Furthermore, students’ instrumental view of their education in a world of limited career opportunities is another big challenge. This reality is augmented by the increasing standardization of Higher Education, which leads to the devaluation of learning as a process rather than an outcome/output. In this context also, students’ management of their time becomes more challenging, as they tend to gear it towards skills and credentials development.

4.4.3. Significance of the Socio-Economic Context

Our courses are in line with HEd’s traditional goal to prepare individuals to become agents of creativity and constructive change in their own lives and in their broader communities, as they help students develop critical thinking, and become capable of posing challenging questions, and socio-political acumen that can lead to the needed personal and social transformations towards environmentally sustainable societies. These skills however are not readily marketable, as knowledge workers are mainly required to have the capacity to aptly and efficiently resolve problems that someone else poses. For this reason, students take courses such as ES 4017 and ECON 202 either because it is a requirement in their program of study, or out of personal interest in the topic, or for practical reasons (e.g., that the course fits their schedule well). ES 4017 is attended primarily by students of the Environmental Studies program, which attracts a small number of students amid the Greek economic crisis. Career-oriented educational choices based on an instrumental logic are characteristic of Greek students who face very limited and uncertain future job opportunities. ECON 202 has an enrollment of about 25 students who choose the course out of personal interest. Due to its two prerequisites (introduction to macroeconomics and to microeconomics), it is relatively inaccessible to students outside of Economics or Environmental Studies.
Both courses aim to the problematization of mainstream knowledge and alternative thinking, a skill that can be considered valuable in the knowledge society, which capitalizes on innovation. Indeed, the ability to think “outside the box” is advertised as a valuable skill in the contemporary job market and knowledge society, which primarily look into technology and science for solutions to environmental problems. Thus, HEd institutions should welcome these courses as courses that signal their cutting-edge approach to knowledge. However, the economically desired innovation is generally akin to amendments to the existing system, not to radical changes in it. Thus, while HEd institutions welcome such courses, they do not necessarily provide a favorable context for them. Alternative courses like ES 4017 and ECON 202, which adopt a critical pedagogy as well as/or an experiential approach in the context of real social problems, require a flexibility which goes beyond the traditional divide between HEd and communities and the accompanying time efficiency concerns that guide HEd course scheduling conceived as in-class instruction (fragmented in specific time slots). Organizing out-of-the-classroom educational activities requires scheduling flexibility as such activities require more time than the usually planned 50–80-minute-long class duration, leading to conflicts with preceding or following courses. Issues that arise from the organization of out-of-the-classroom activities are resolved among faculty members themselves on the basis of individual agreements between instructors of relevant courses. Furthermore, taking students out of campus requires several bureaucratic procedures to ensure that, in case something goes wrong, the HEd institution is not liable for students’ safety.
In the contemporary neoliberal context of knowledge societies, standardization of knowledge is a main concern in HEd today. Assessment design is considerably affected by the requirement for standardization. Designing alternative assessments that can document the success of the learning process—not outcomes—remains a big challenge in an educational context that seeks measurable and standardized outcomes. In the present context, it can only partially be with individual instructors’ resources and efforts. Furthermore, as competition is a prime value in the market, so it is in the educational system. A cooperative classroom, based on collaboration between students, or between instructors, or between instructor and students, is not easily conceived in this social context. Thus, an alternative organization of the class—more democratic, requiring collective responsibility, like ES 4017 and ECON 202—collides with students’ educational habits, and requires that the instructor clearly presents the class design and expectations right from the very beginning of the course, and that s/he unwaveringly implements this new pedagogy until students get “educated” into the new type of class requirements and the new learning context.

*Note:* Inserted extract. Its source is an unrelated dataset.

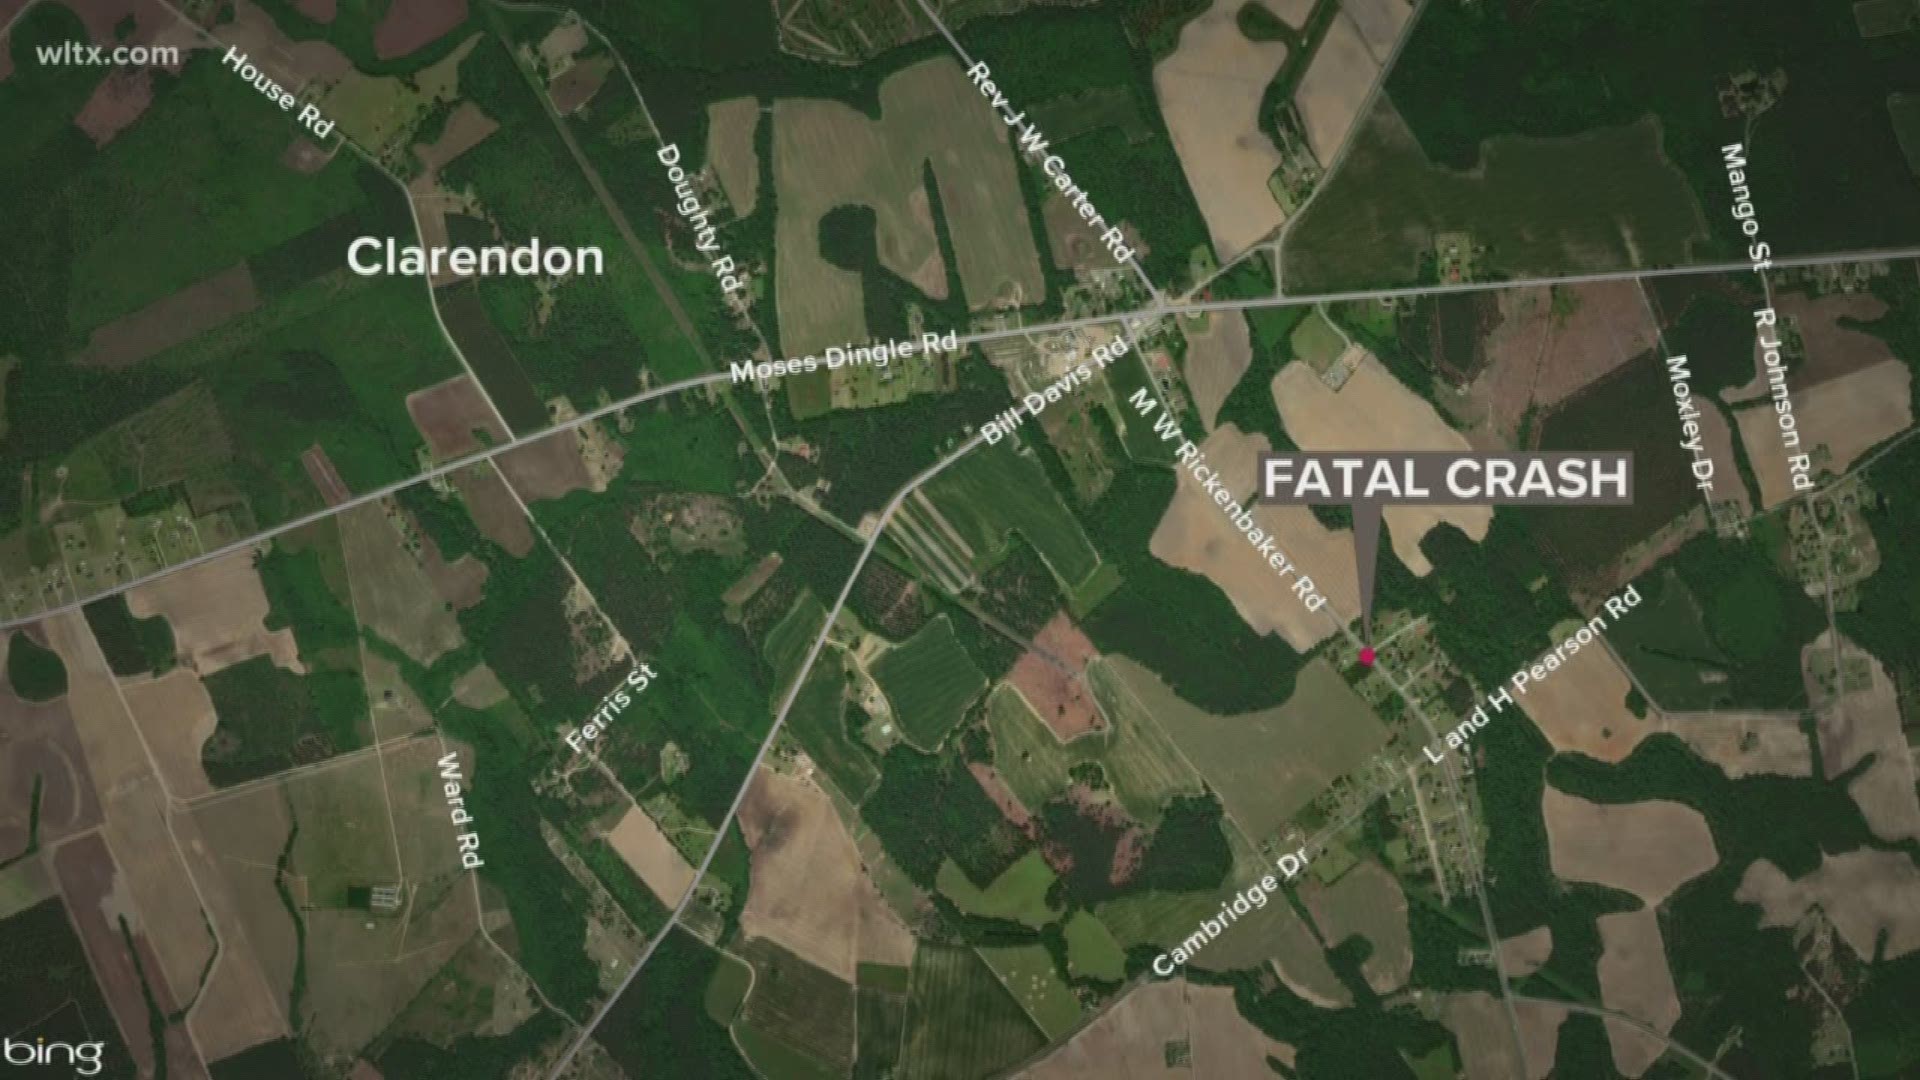 A pedestrian was killed after a vehicle hit them in Clarendon County.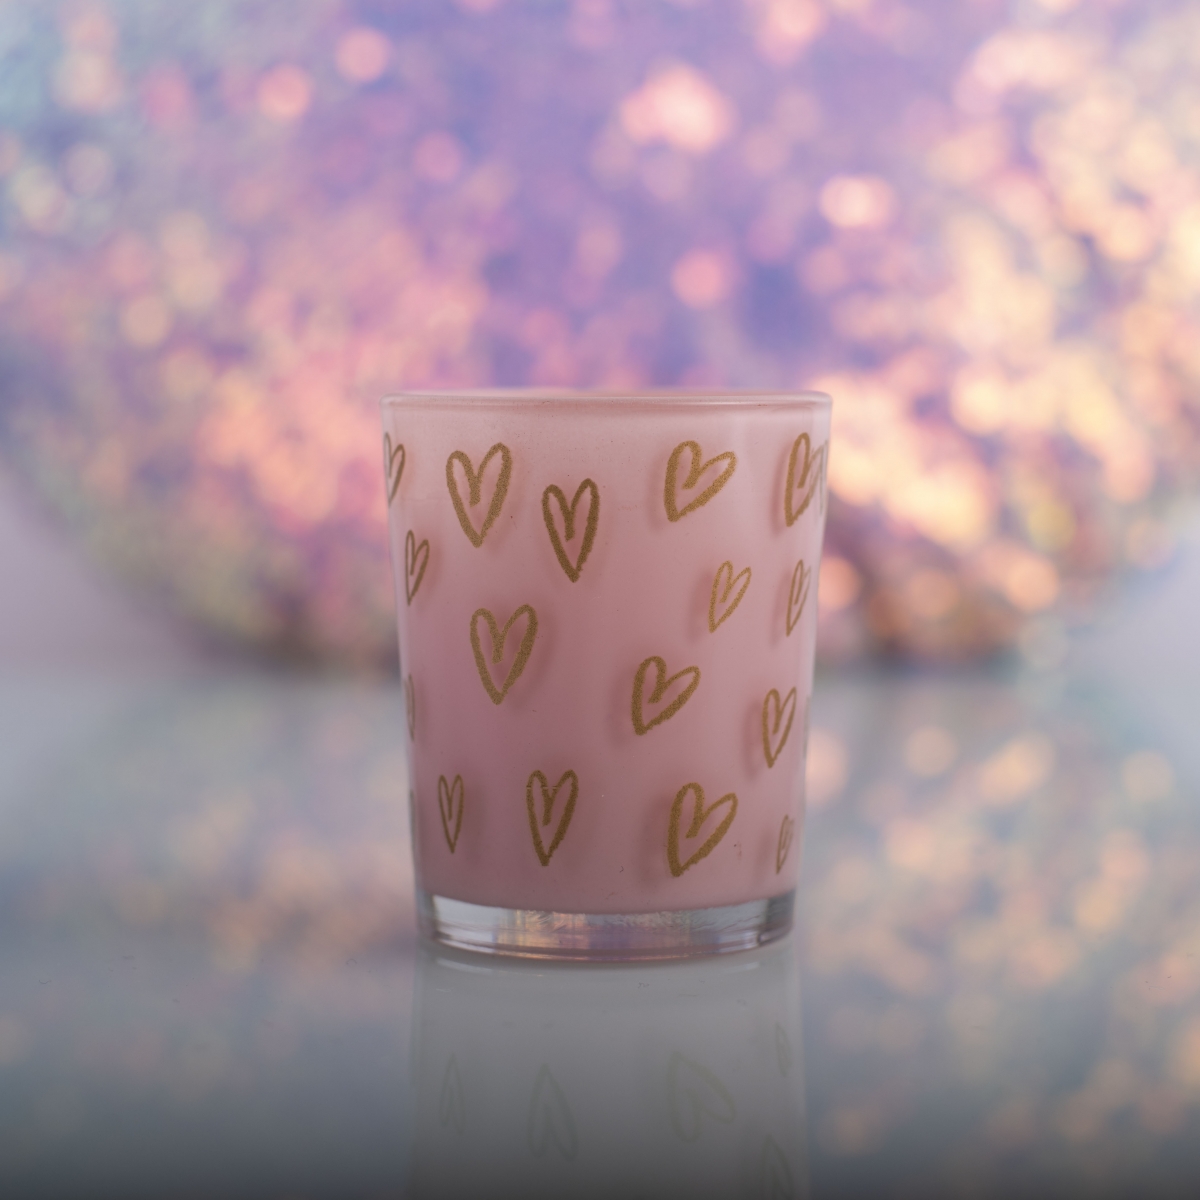 Valentine Candles : Pink Heart Glass , Romantic Ambience ,China Factory , Wholesale Price-HOWCANDLE-Candles,Scented Candles,Aromatherapy Candles,Soy Candles,Vegan Candles,Jar Candles,Pillar Candles,Candle Gift Sets,Essential Oils,Reed Diffuser,Candle Holder,

5. A Framework for Transformative Education for Pro-Environmental Behaviors

5.1. Thoughts for Effective Course Design

We are at a point in history where it is generally accepted that significant changes are needed in environmental individual behaviors and social practices. EE/EfS initiatives have a very important role to play and they need to be effectively aiming towards engaged and empowered citizenry. This pedagogical goal has implications for course design, including pedagogical methods, instructional/learning activities and assessment methods. Jickling and Wals [4] and Marouli et al. (2018) [25] have offered very useful insights that can support such efforts. The instructor’s (and students’) view of knowledge (transmissive or transformative learning) informs his/her perception of the instructional purpose. The form of the learning process (authoritative/deferential learning or participatory/active citizenry) reflects this epistemology but also affects the learning outcome. We propose that, for a class that aims to help the transition to sustainable societies (i.e., in the transformative side of the spectrum), a clear reflection on the targeted educational goal—critical learners, empowered learners, critical/engaged citizens, or empowered citizens—is needed. Course design can then be more masterfully prepared. As the discussion of the two cases revealed, the institutional and structural/cultural context plays also a significant role in course design and transformative potential. It is the opinion of the authors that EE-oriented courses should not be dealt with as special interest courses, but as general education courses that all students should take (we do not advocate for every student to pursue a major in environmental studies/science). One cannot possibly understand the world in which one lives without some degree of engagement with human beings’ and societies’ relationship with the systems that are crucial to life on planet Earth. The hyper-focus on specialized, individualized, and commodified knowledge in the context of neoliberal governance rules obfuscates this fact and prevents institutions of higher learning from fulfilling their transformative role in society.
Below (Figure 2), we propose a framework for the design of transformative EE/EfS courses in contemporary societies.
The framework identifies selected dimensions—i.e., instructional goal, instructor’s role, pedagogical process, assessment method and HEd/institutional context—as being significant to promote (individual and social) change. As indicated in Figure 2, the transformative potential increases as the educational initiative is located closer to the right side of the figure, along each one of these dimensions. Of course, the different dimensions interrelate as well and incongruence between them (e.g., one of them being closer to the transmissive–authoritative side) will minimize the transformative potential of the whole effort.
A democratic classroom is one in which the instructor acts as a collaborator and all participants (students included) are co-creators of knowledge. Even though students find it difficult, at first, to take responsibility for the learning environment and their learning process, as soon as they understand expectations, they appreciate this approach. A more democratic classroom is a fertile ground for critical thinking and engaged learning, providing a supportive environment for students to create knowledge. Interactions and collaboration help this process. Student-led discussions are especially useful for cultivating social responsibility and leadership skills, as well as ownership of the learning process.
Initial activities that can mobilize emotion are very useful. Activities that generate emotive learning (e.g., search for cartoons, videos, search for and reflections on contemporary news stories) in the first weeks especially are effective in mobilizing emotions that can stimulate interest for investigation beyond the required learning (and even action if an opportunity arises). Students’ desire to go above and beyond the required assignments (e.g., in ECON 202) by sharing their own findings and stories is a testimony to their emotional engagement with the course’s topics. Students’ comments also indicate that the instructor’s emotional engagement with the topics of the course can entice students to get emotionally involved with the learning process, too. Generally, emotive learning activities (“in the environment”) should be reintroduced in the learning process, and our “objective” learning courses.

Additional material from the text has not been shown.